Data section:
--- START ---

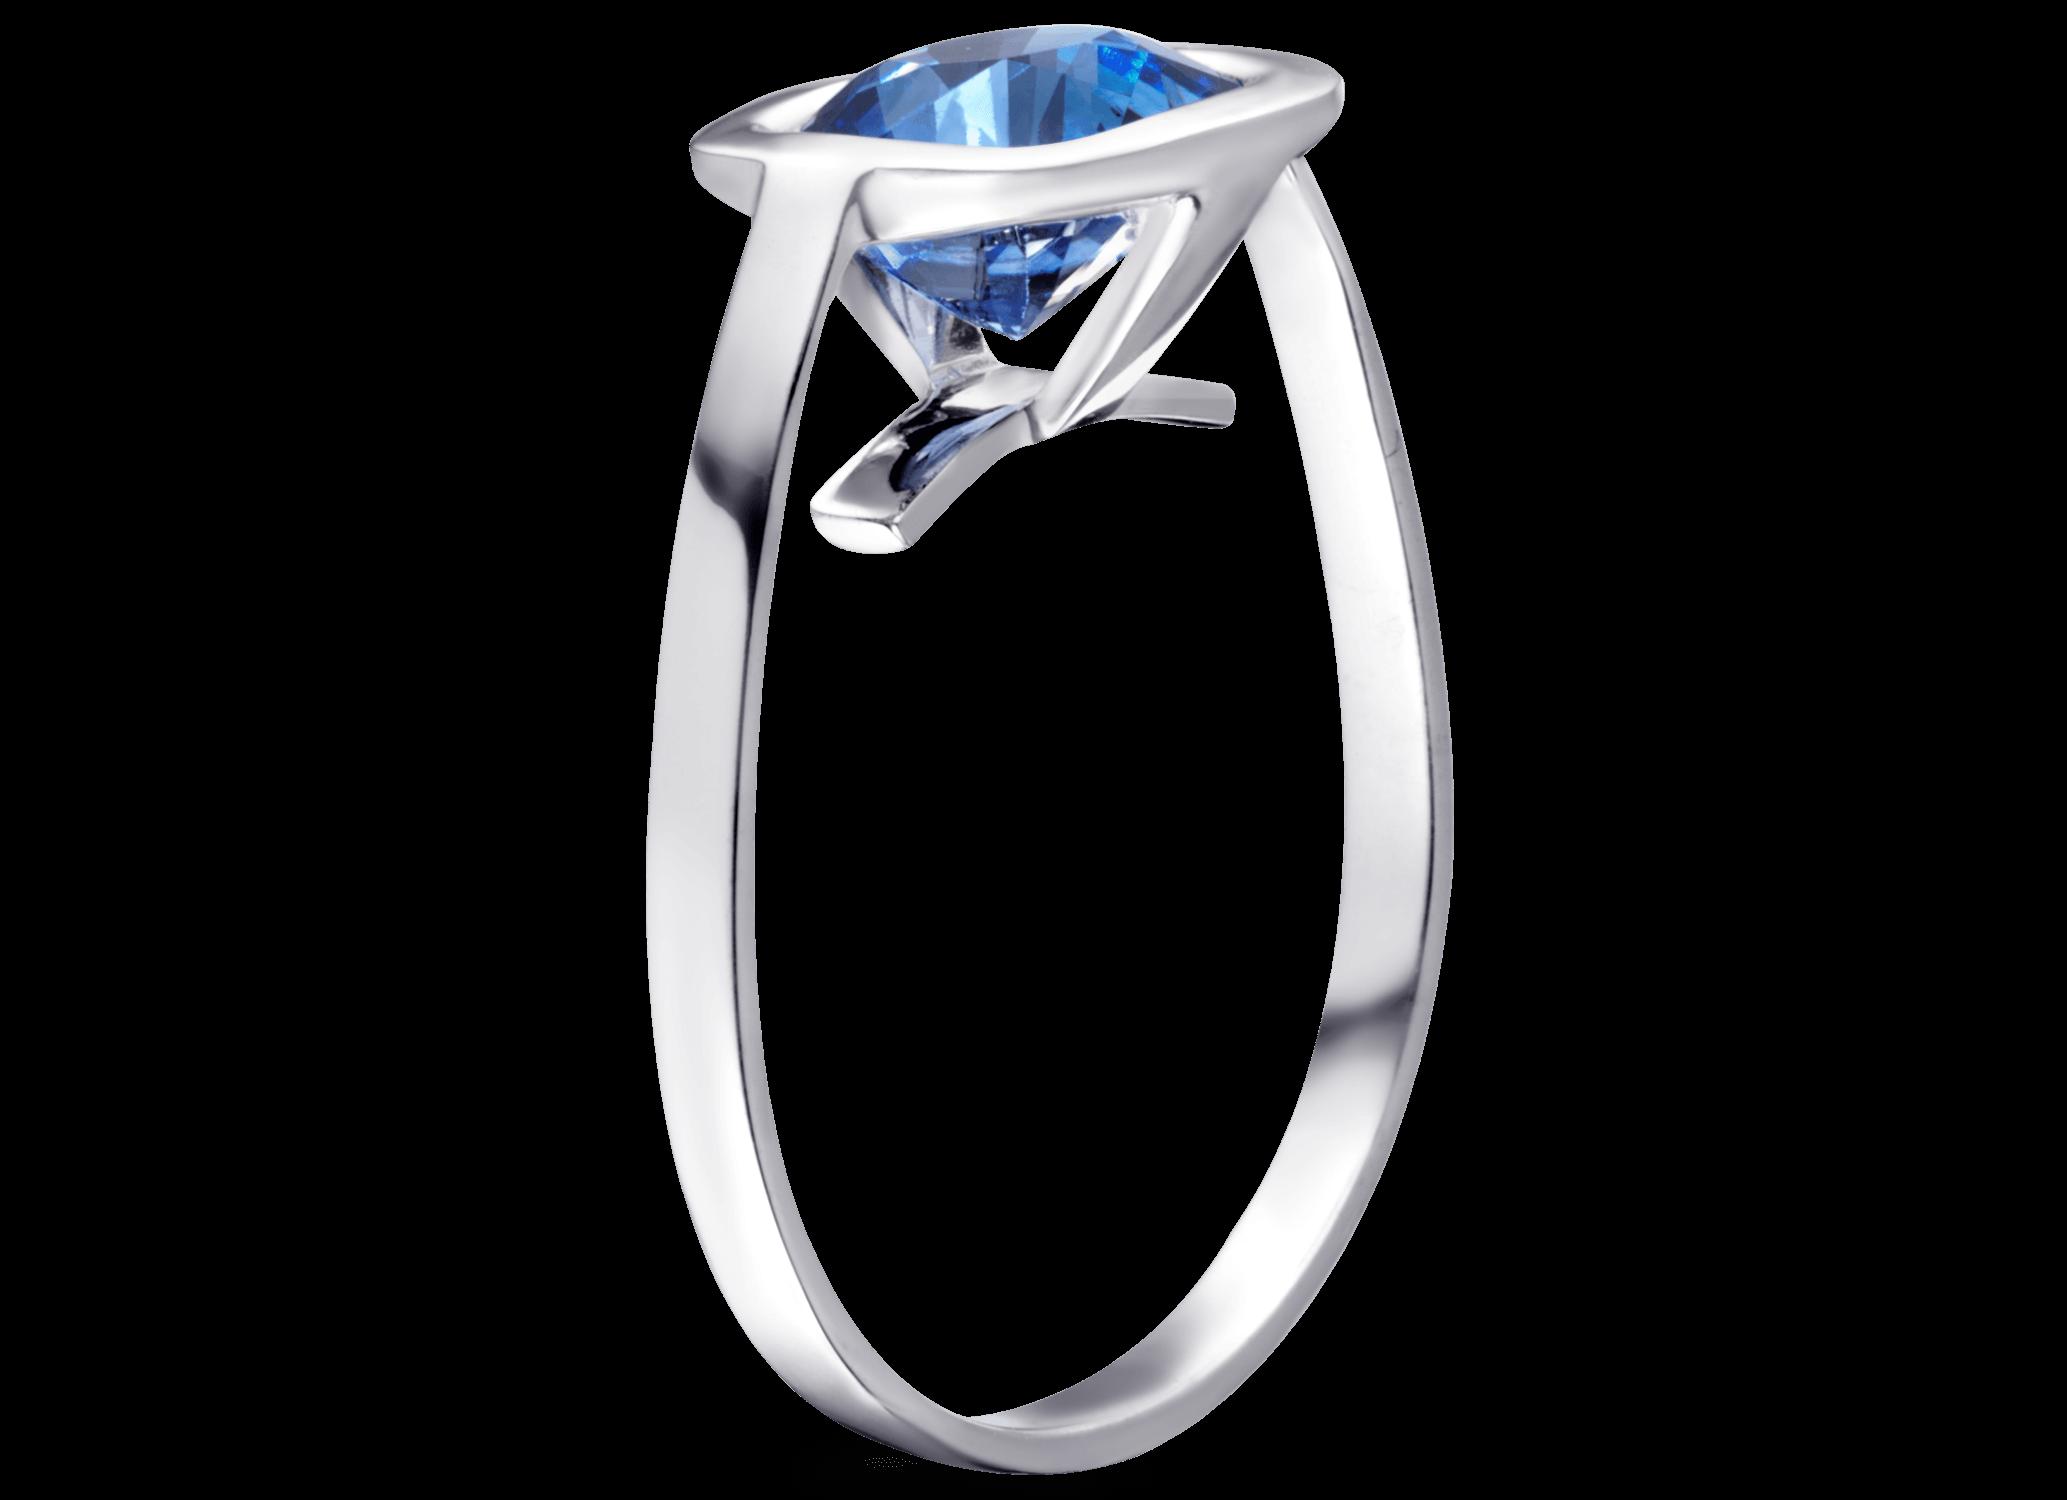 Bague Cha or blanc et saphir bleu coussin 2,05 carats perspective PNG web.png
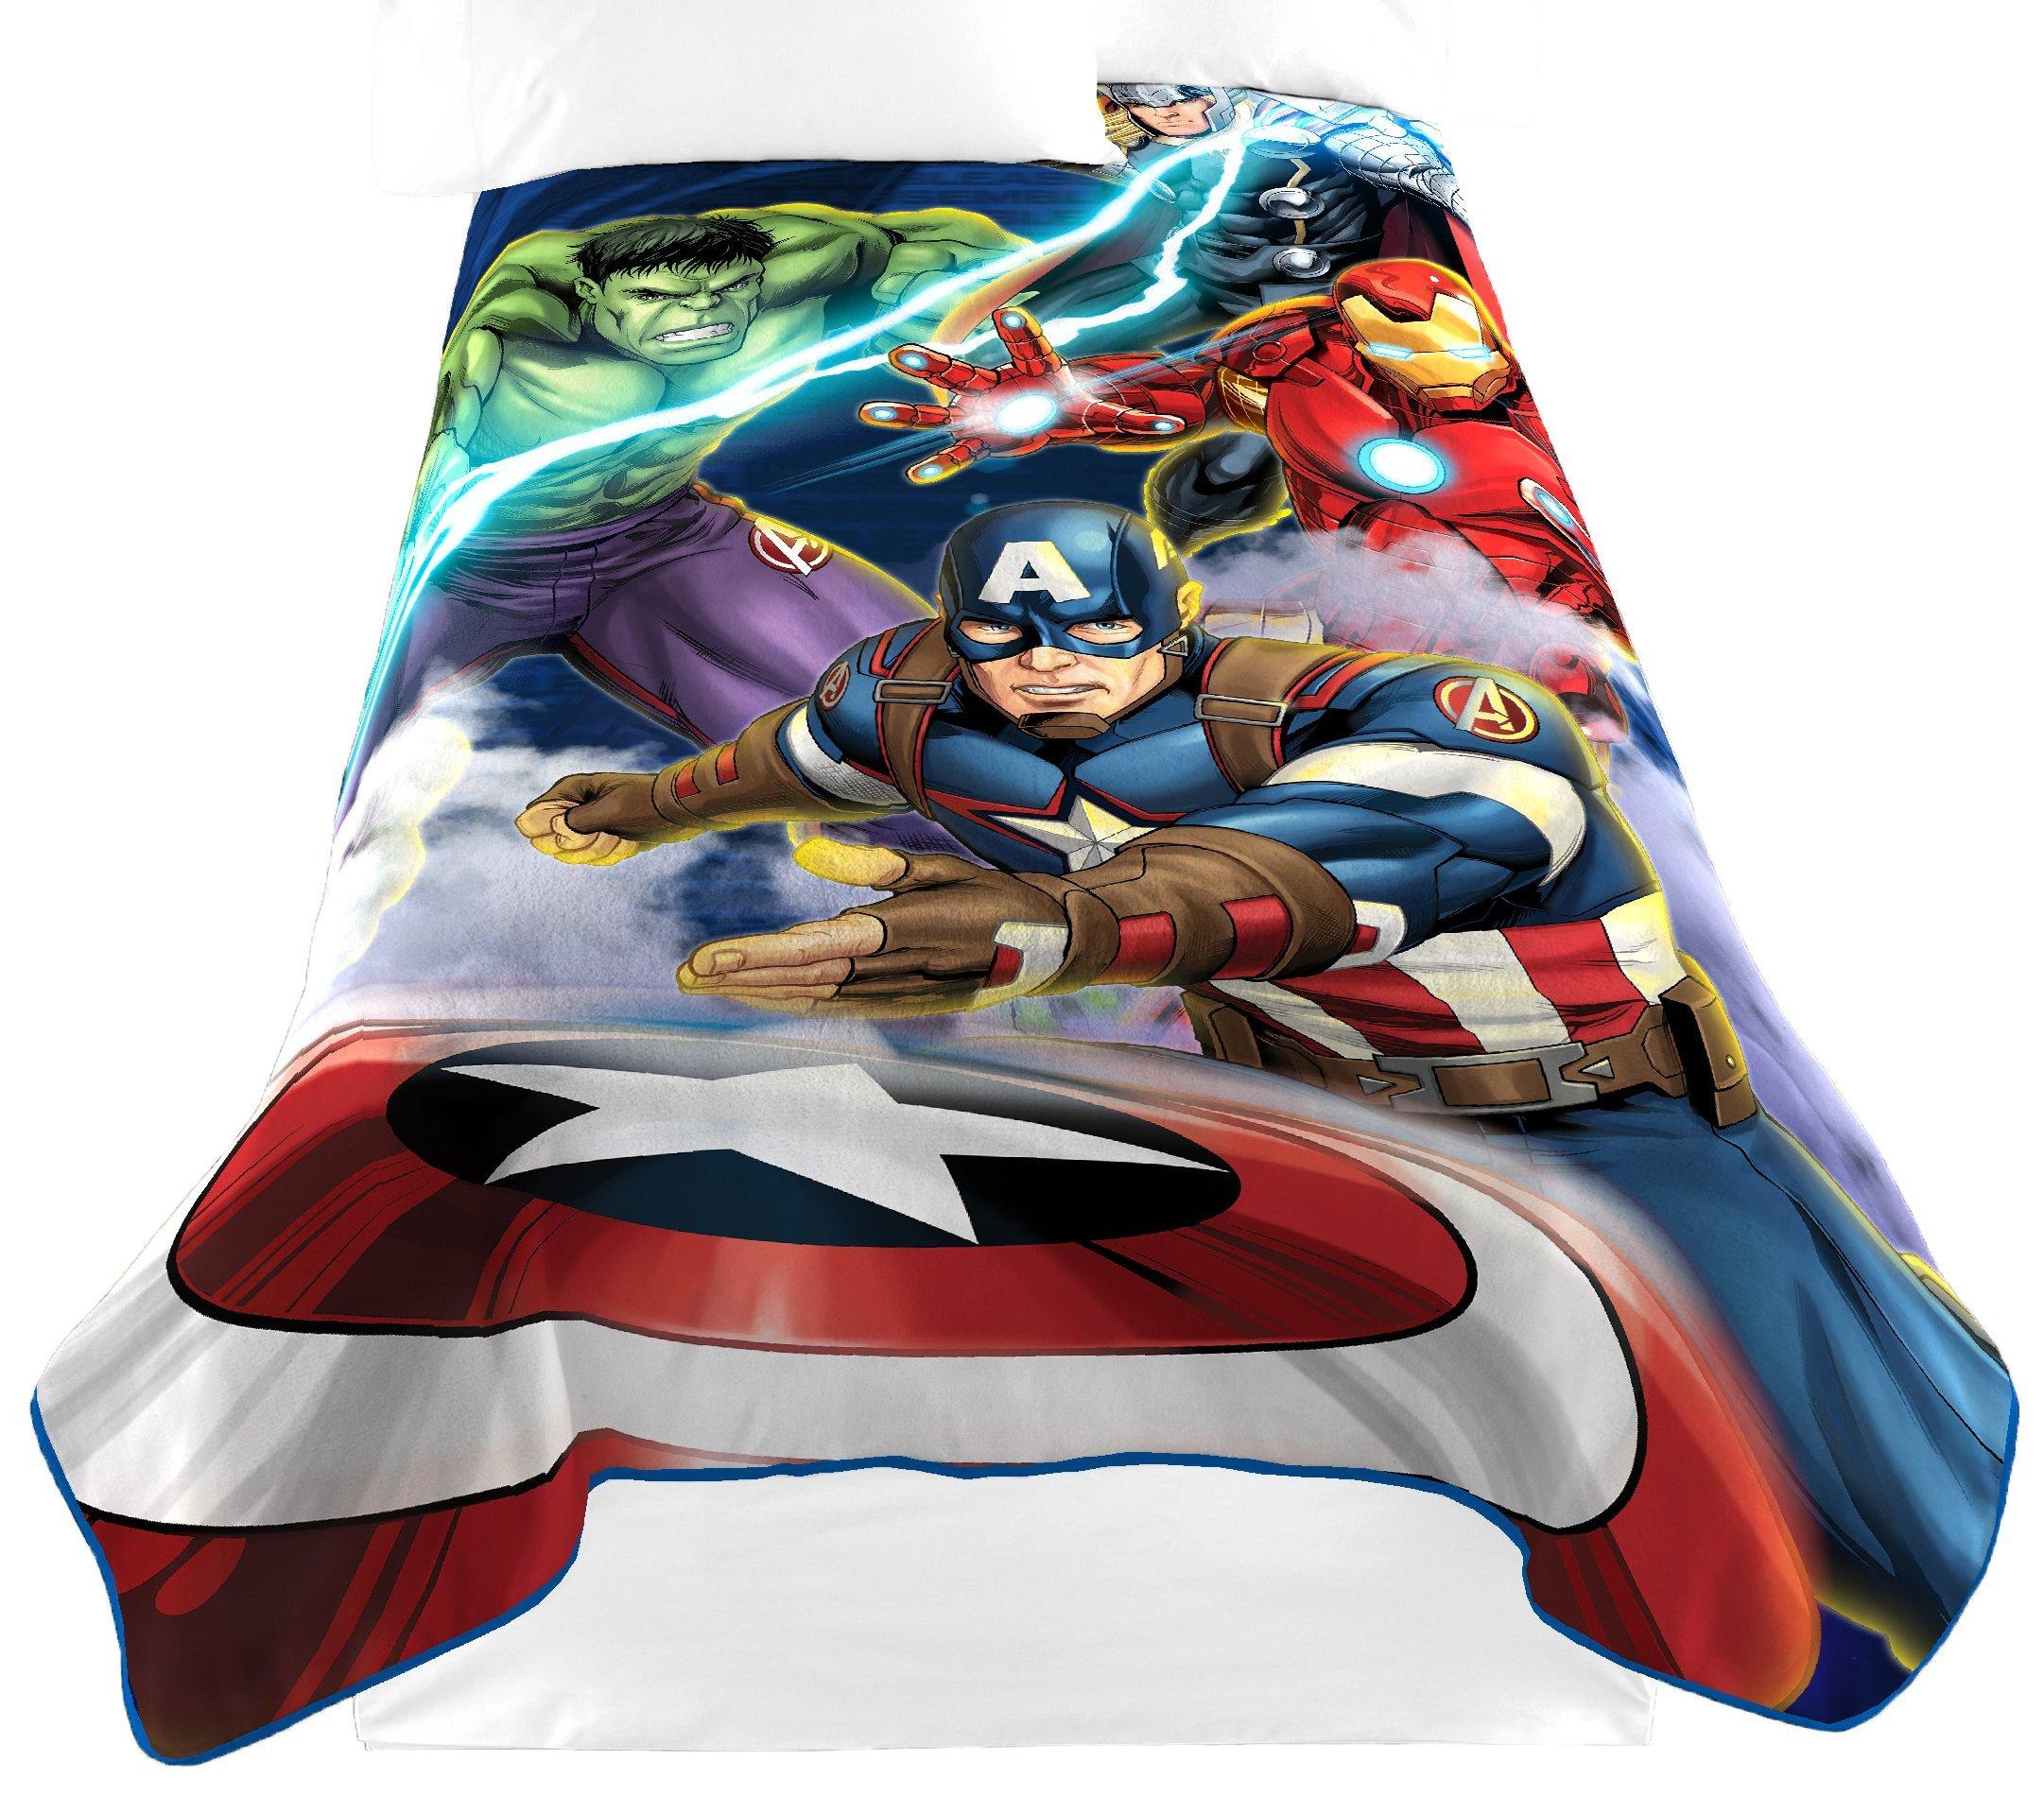 Marvel Avengers Blue Circle Fleece Plush Blanket, 62 x 90/Twin by Jay Franco (Image #1)
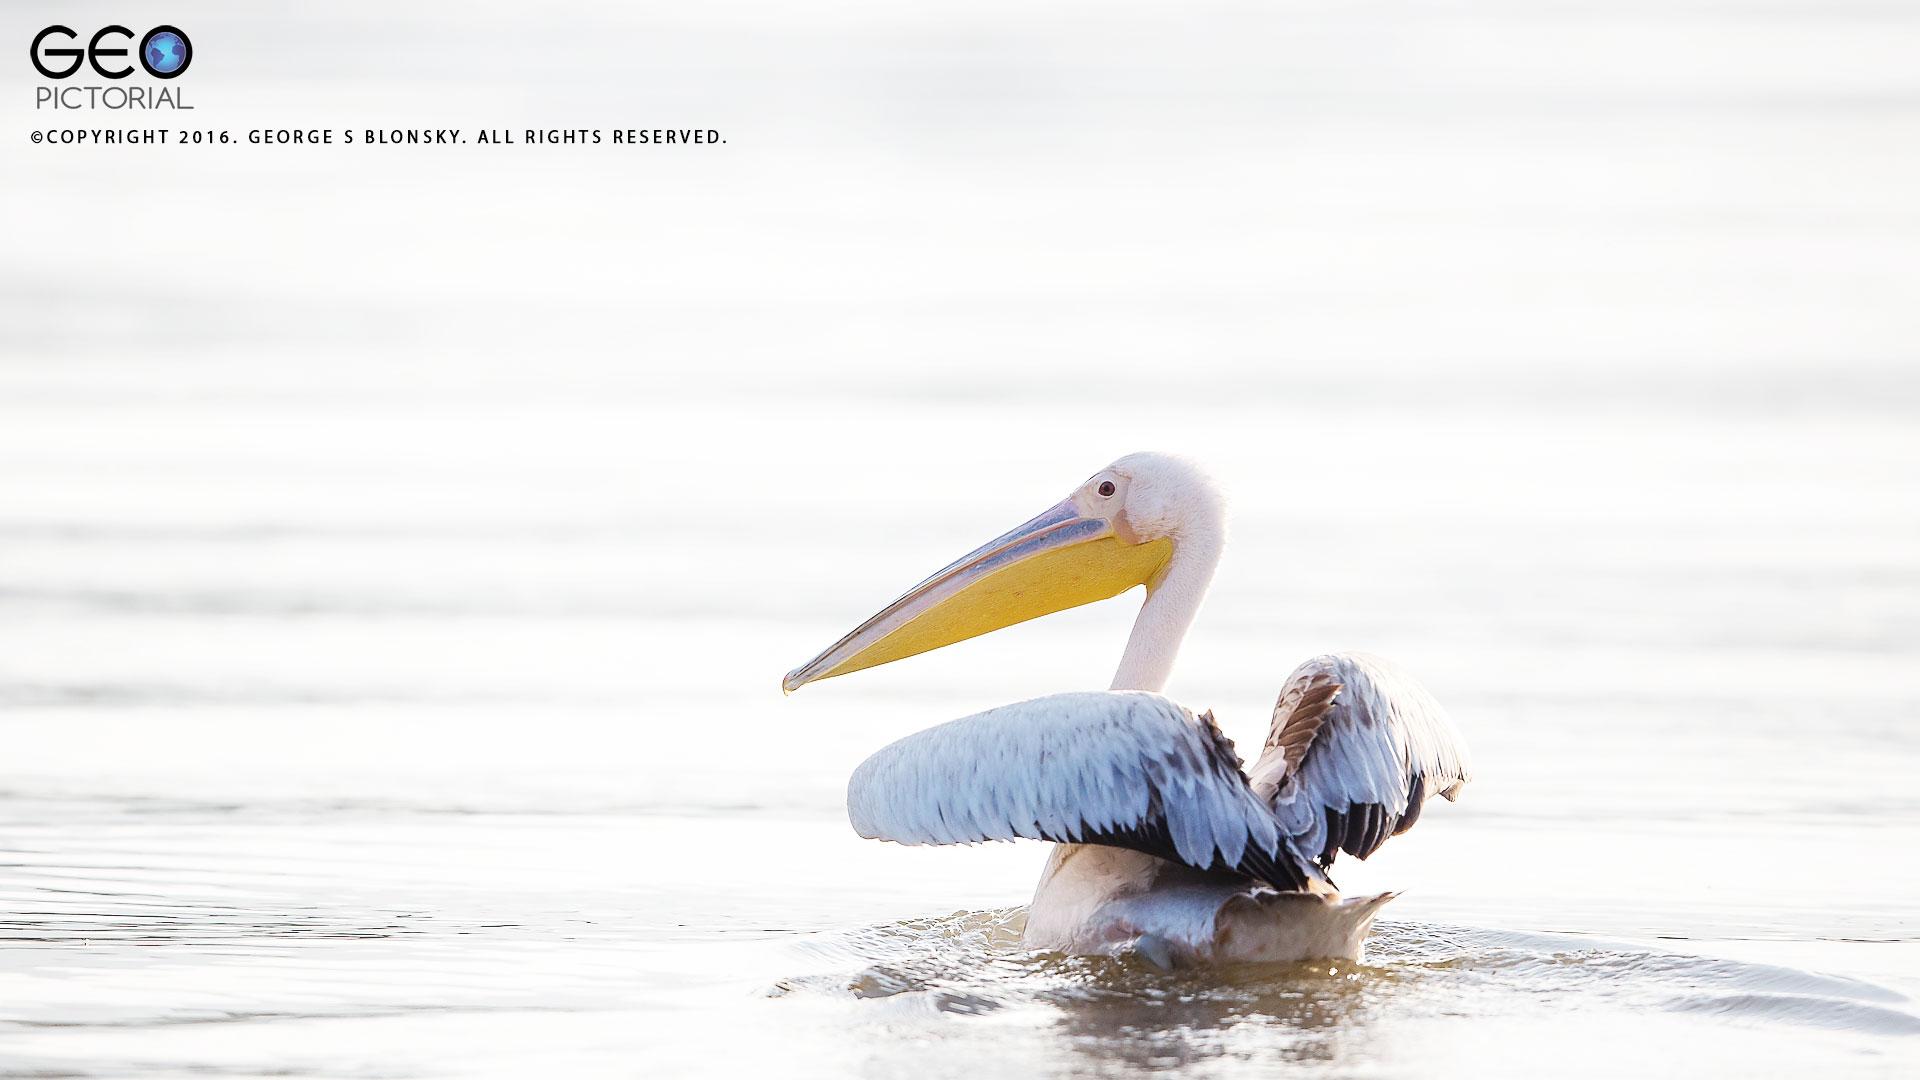 Juvenile White Pelican

--- END ---

How to complete this task: The result should be the same data as above, line for line, with the pictures gone.

Reply to the task:
 Bague Cha or blanc et saphir bleu coussin 2,05 carats perspective PNG web.png
 Marvel Avengers Blue Circle Fleece Plush Blanket, 62 x 90/Twin by Jay Franco (Image #1)
 Juvenile White Pelican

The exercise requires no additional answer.